Ce dernier mobilise des experts de droit constitutionnel, dont Zouheïr M’Dhaffar, pour réviser, à deux reprises, la Loi fondamentale de manière à permettre à Ben Ali de voguer vers la présidence à vie. En 2002, la limite du nombre de mandats est supprimée et l’âge maximum pour être candidat est fixé à 75 ans. Avant la chute de Ben Ali, Ben Dhia s’activait avec ses spécialistes pour récidiver, afin de permettre à Ben Ali de briguer un sixième mandat après suppression ou prolongation de la limite d’âge, voire de faciliter l’accession de Leïla Trabelsi à la magistrature suprême.

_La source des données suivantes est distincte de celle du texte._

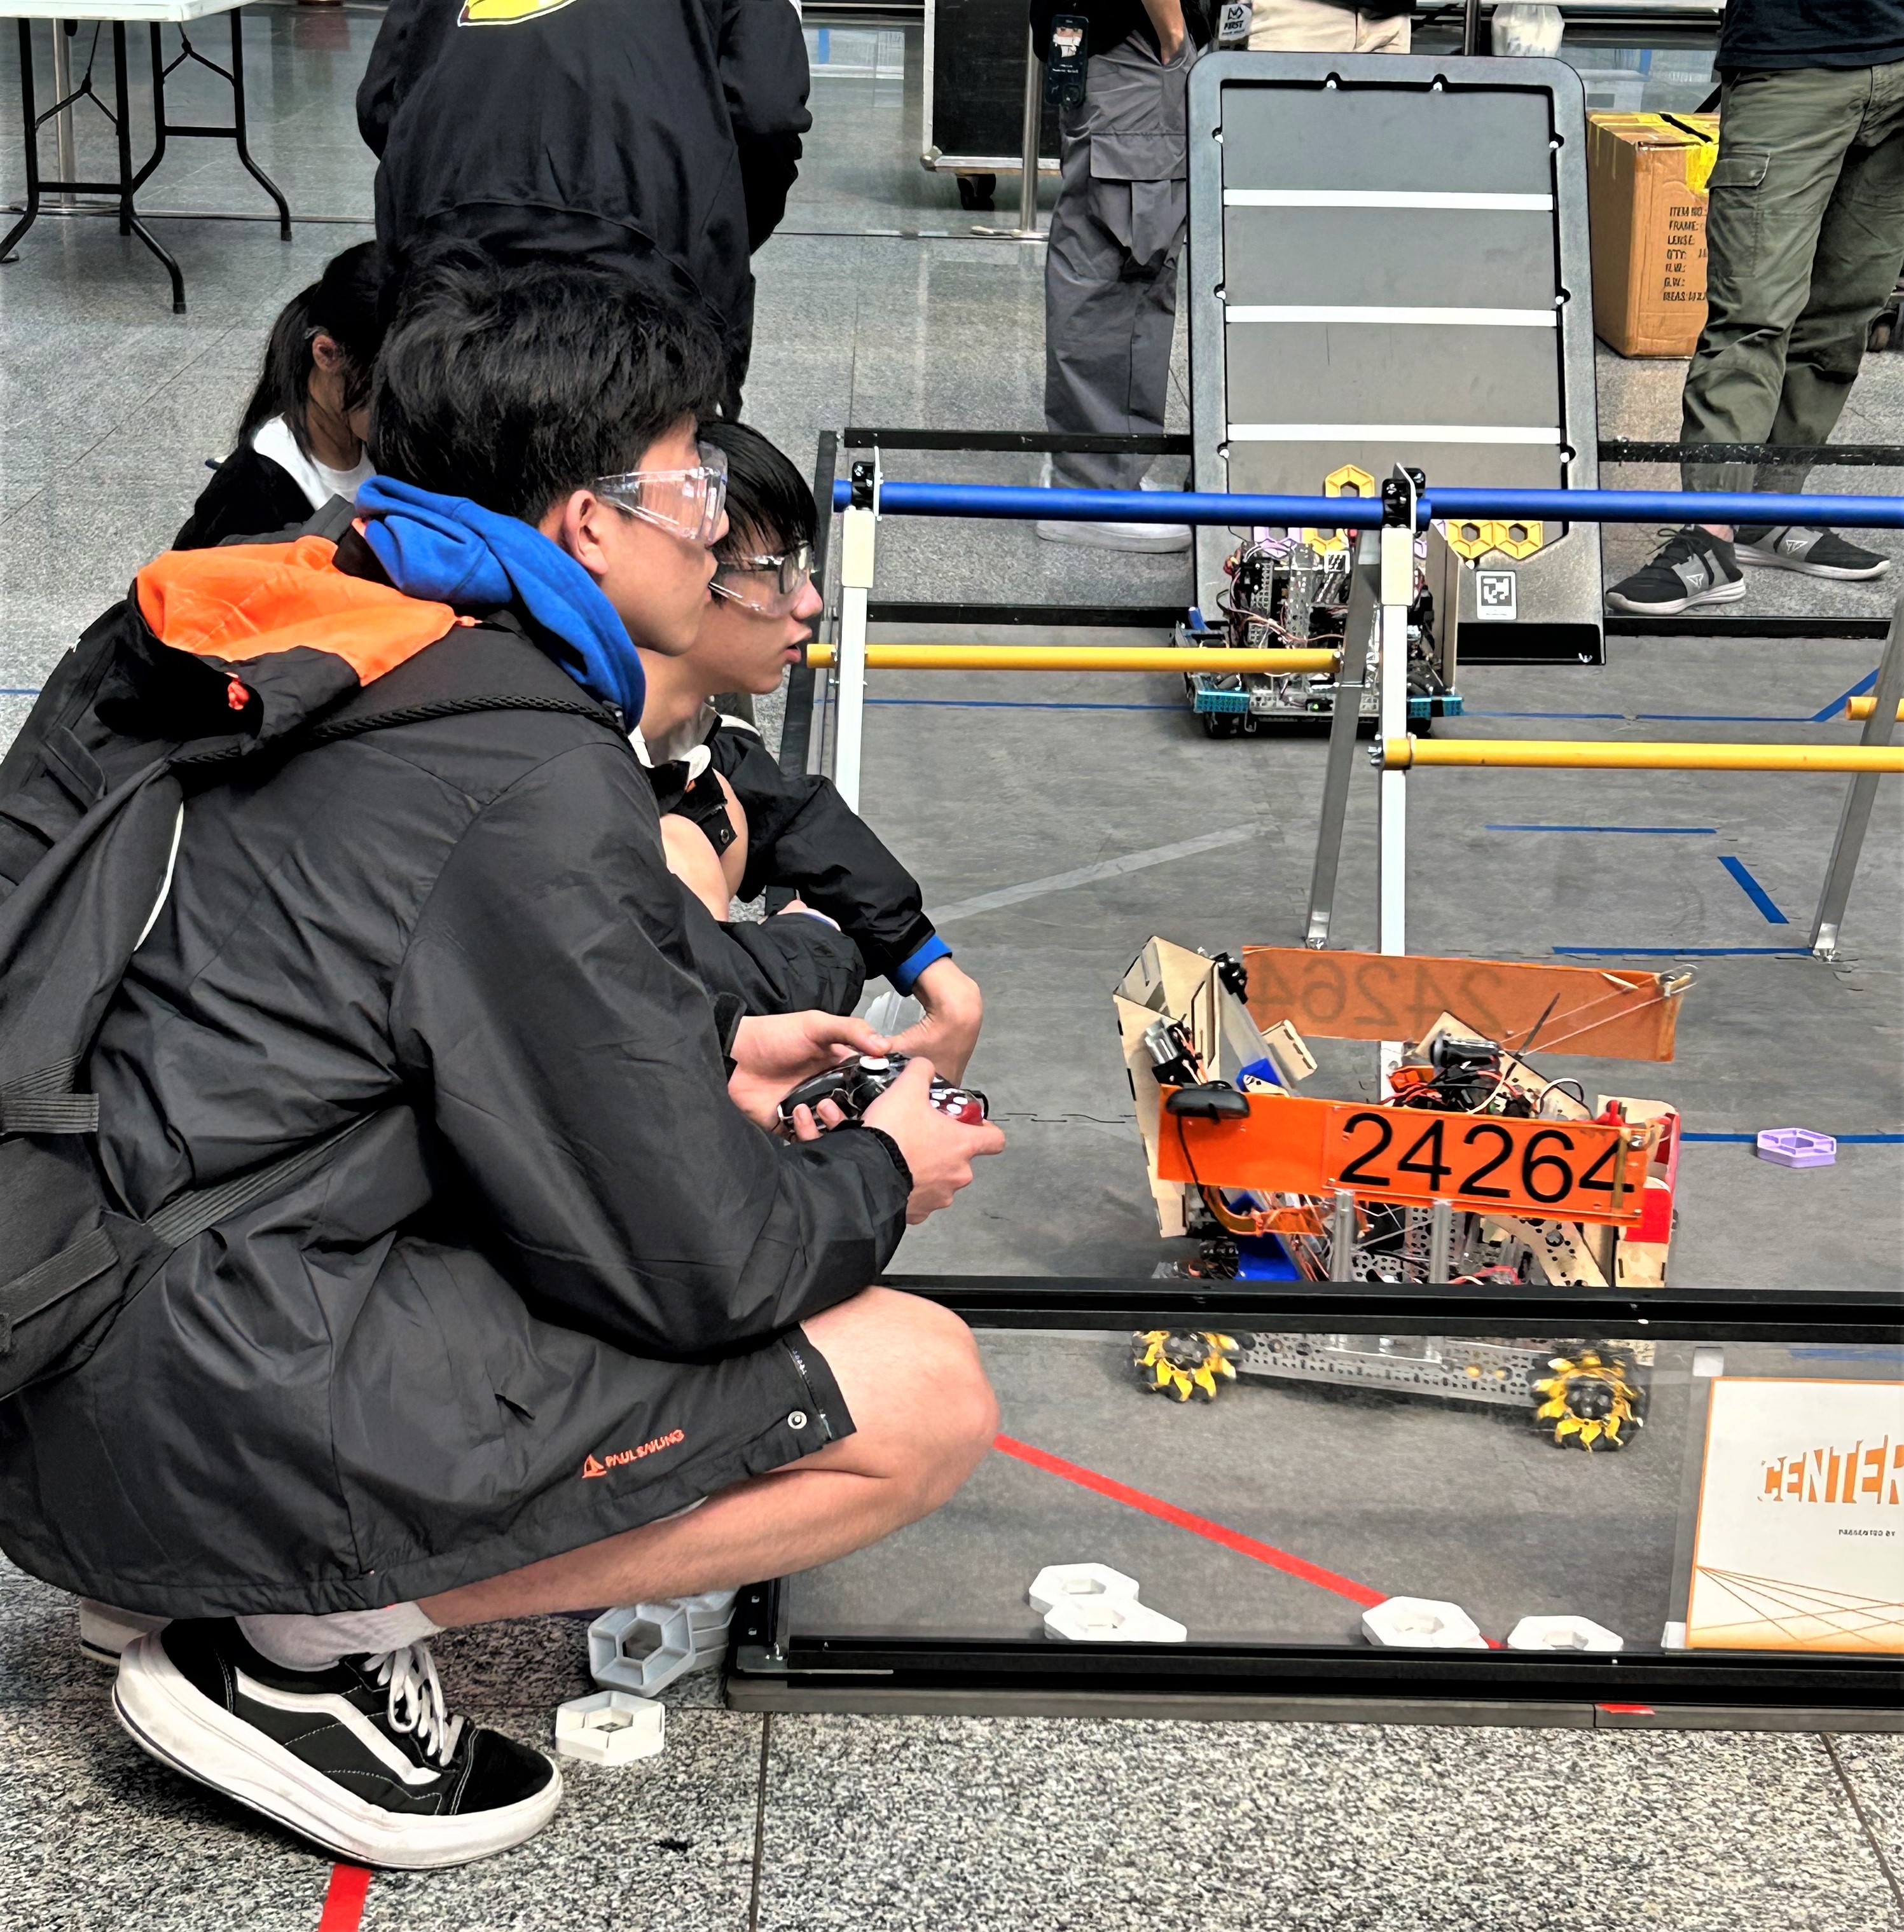 安康高中FTC機器人團隊操作手陳盛緯同學操作機器人(FTC24264)任務

Ben Dhia savait pourtant que ce qu’il faisait n’était pas conforme à l’esprit de la Constitution. Trois fois ministre sous Bourguiba, il a été président du Conseil constitutionnel sous Ben Ali de 1987 à 1990. Il a ensuite rejoint le Palais de Carthage, où il est devenu l’homme clé de la « cuisine politique », exception faite des trois années passées comme secrétaire général du parti au pouvoir. Une histoire drôle illustrant sa double allégeance à Ben Ali et à Leïla a fait le tour du pays : un jour, le couple présidentiel l’emmène en voiture pour faire un tour en ville. Dans un quartier populaire, ils voient de loin un rassemblement. Ben Ali pense qu’il s’agit d’un enterrement, Leïla, d’une cérémonie de circoncision. Pour se départager, ils finissent par ordonner à Ben Dhia d’aller se renseigner. « C’est la circoncision d’un mort », leur dit-il en revenant.
Lorsque Sakhr el-Materi épouse la fille aînée des Ben Ali, c’est lui qui est chargé de chaperonner le jeune homme pour l’initier à la politique. Le duo est souvent vu à la télévision en train de prononcer des discours devant les cellules du parti. On en avait alors déduit que l’on préparait Sakhr à la succession. Erreur : ce n’était qu’une distribution des rôles pour réduire le champ politique tunisien à une lutte de clans au sein du sérail.